Old World Meets New in Bagan

Bagan was quite possibly my favorite city in Myanmar. Comprised of three parts, Old Bagan, New Bagan, and the Archeological Zone, Bagan is the former capital of the Kingdom of Pagan.

Now it’s a small city of the new and old worlds, with modern hotels just around the corner from villages with outhouses. Tour buses and motorbikes travel the same roads as horse-drawn buggies and goat herders. Eleventh century temples sit practically in the backyards of restaurants with wifi. Even the monks have cell phones.

Seriously.

Monks taking a break. Gotta check the social media feeds!

It’s quiet at night (except when a celebration is held right next door to your hotel), and very dark. Some of the main roads are dirt, and there are no sidewalks to speak of.  It’s completely charming. The people are so very lovely and the art and architecture of the temples is sublime.

Temple Town

Between the 11th and 13th centuries, over 10,000 temples, pagodas, and monasteries were located in the area. Over 2,200 of these structures are still standing along the dry plains, in the Bagan Archeological Zone. You cannot swing a cat in this place without hitting a temple. They’re everywhere, and they’re all pretty amazing!

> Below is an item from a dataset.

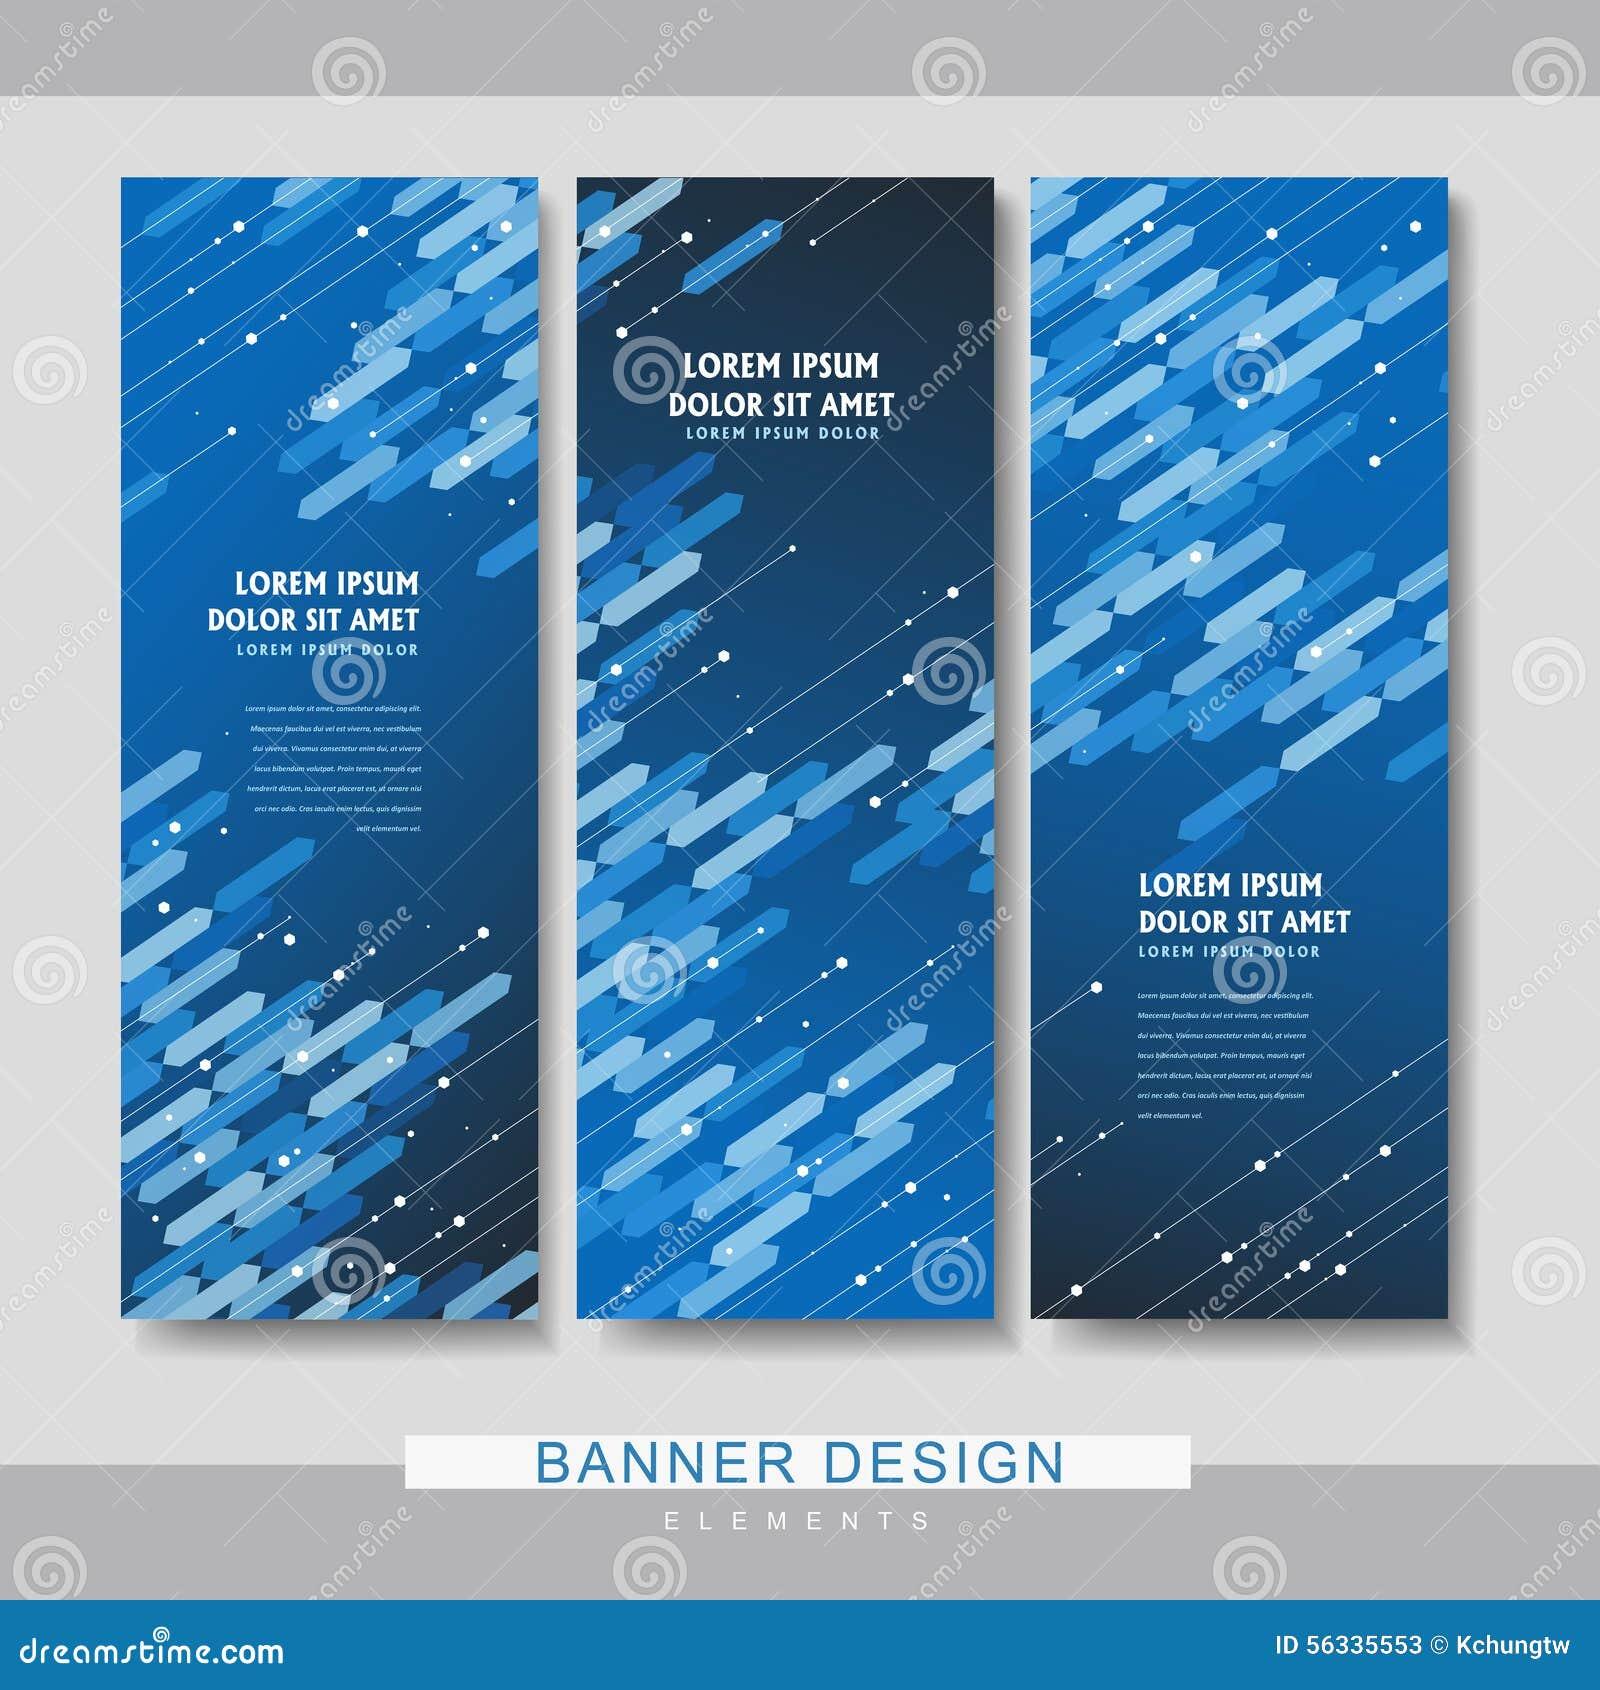 high tech banner set template design stock vector image 56335553. Black Bedroom Furniture Sets. Home Design Ideas

Entrance to the Sulamani Temple

The recently cleaned Ananda Temple.

 

Buddha from the Sulamani Temple

Unfortunately, the area is an earthquake zone, so many of the temples have been damaged destroyed over the years.

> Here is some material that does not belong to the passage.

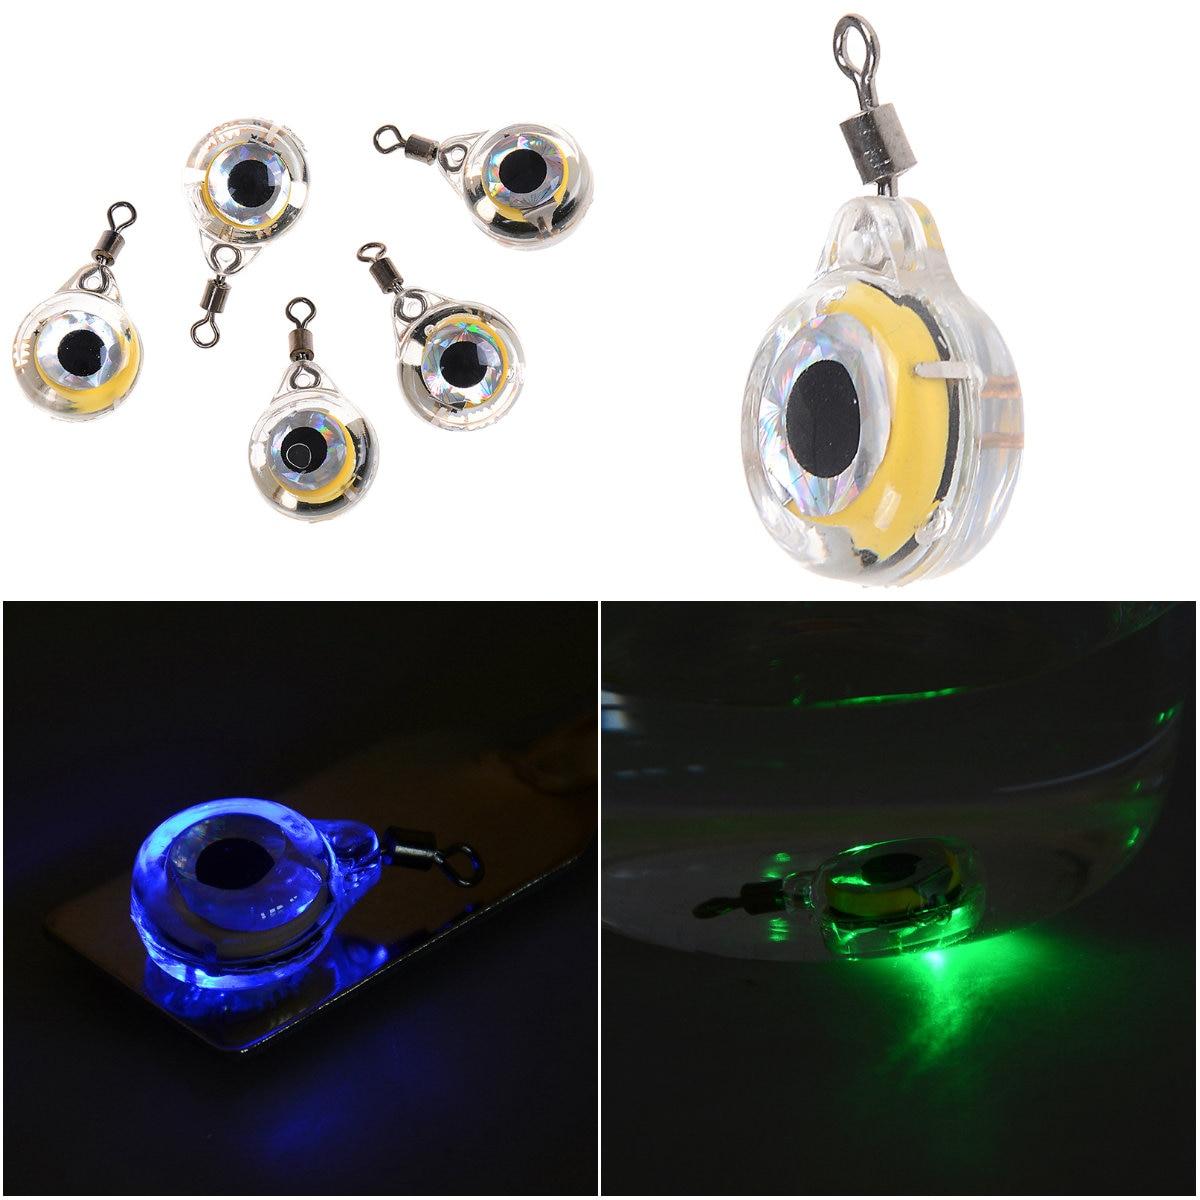 Светодиодная подводная приманка с глубокими каплями для подводных глаз, 1 шт. для рыбалки

The site suffered an earthquake in August of 2016, destroying 400 temples and damaging manyothers including the Sulamani and Myauk Guni temples- which are now being restored with assistance from UNESCO experts.

 

 

There are so many temples to choose from, it’s hard to know just what to get out and see. Whatever your choice, you’re in for a treat. Some of the temples have amazing paintings from the 11th and 12th centuries that outline the story of Buddha.

Claustrophobic Buddha- the temple was built around him.

Novitiate Celebration

Novitiate being celebrated in Bagan

We were lucky enough to be able to witness the novitiate ceremony known as shinbyu in New Bagan. Entering the monastery is a rite of passage for most Burmese boys.

 

The ceremony is a giant celebration throughout the village, and families band together to celebrate their kids and cover the costs. Starting with a parade that winds through the town, it’s a riot of colors and music that ends up in a big party.

 

All of the boys are dressed to impress- wearing elaborate dresses, make-up, and headdresses. They are led through the town on horseback, elephants, and in decorated carts with golden umbrellas held over their heads.

 

Parade

Decorated wagon and patient cows in Bagan

 

Young celebrants led on horseback through Bagan

The women join in carrying flowers and parasols, and the whole town comes out to watch or participate. We saw this played out throughout the country, but got an up close view in Bagan, and thanks to our awesome guide, Magic Sai, we were even invited to the party!

Sunrise/Sunset

sunrise balloons

Hot air balloons silhouetted by the sunrise

I am a huge fan of the sun and all of the beautiful colors it produces at sunrise and sunset. Due to its magnificent local scenery and location, Bagan is the perfect place to feed your photo habit. There are multiple sites where you can get a glorious shot, and Bagan has a well established ballooning business, so you can get a bird’s eye view of the place. If you prefer staying a bit closer to the ground, you can watch all of the balloons taking off at dawn from any number of temples.

Unfortunately, it was very hazy when we were there. It was just after harvest season, so there were lots of fires every day to clean up the fields and any miscellaneous debris.

 

The Shwesandaw Pagoda is well known as a “Sunset Temple” and tends to be crowded with tourists. The pagoda has a series of 5 terraces that you can climb to get your best view. The stairs are steep and narrow, so be careful on your way up and down. Local vendors selling drinks and souvenirs line the base, so if get there a little early, you can get a cold drink- even fresh coconut water- and wait for the main event.

Sunset from the Shwesandaw Pagoda

Another option for sunset is a cruise along the Ayeyarwady River. There are a number of small boats that can be hired for a small fee. You can bring aboard snacks and beer, and if you’re lucky, the captain will pull over onto one of the sandy banks and dock, so you can watch the sun going down with the sand in your toes.

Sunset over the Ayeyarwady River outside of Bagan

There’s no shortage of amazing sites to see in Bagan!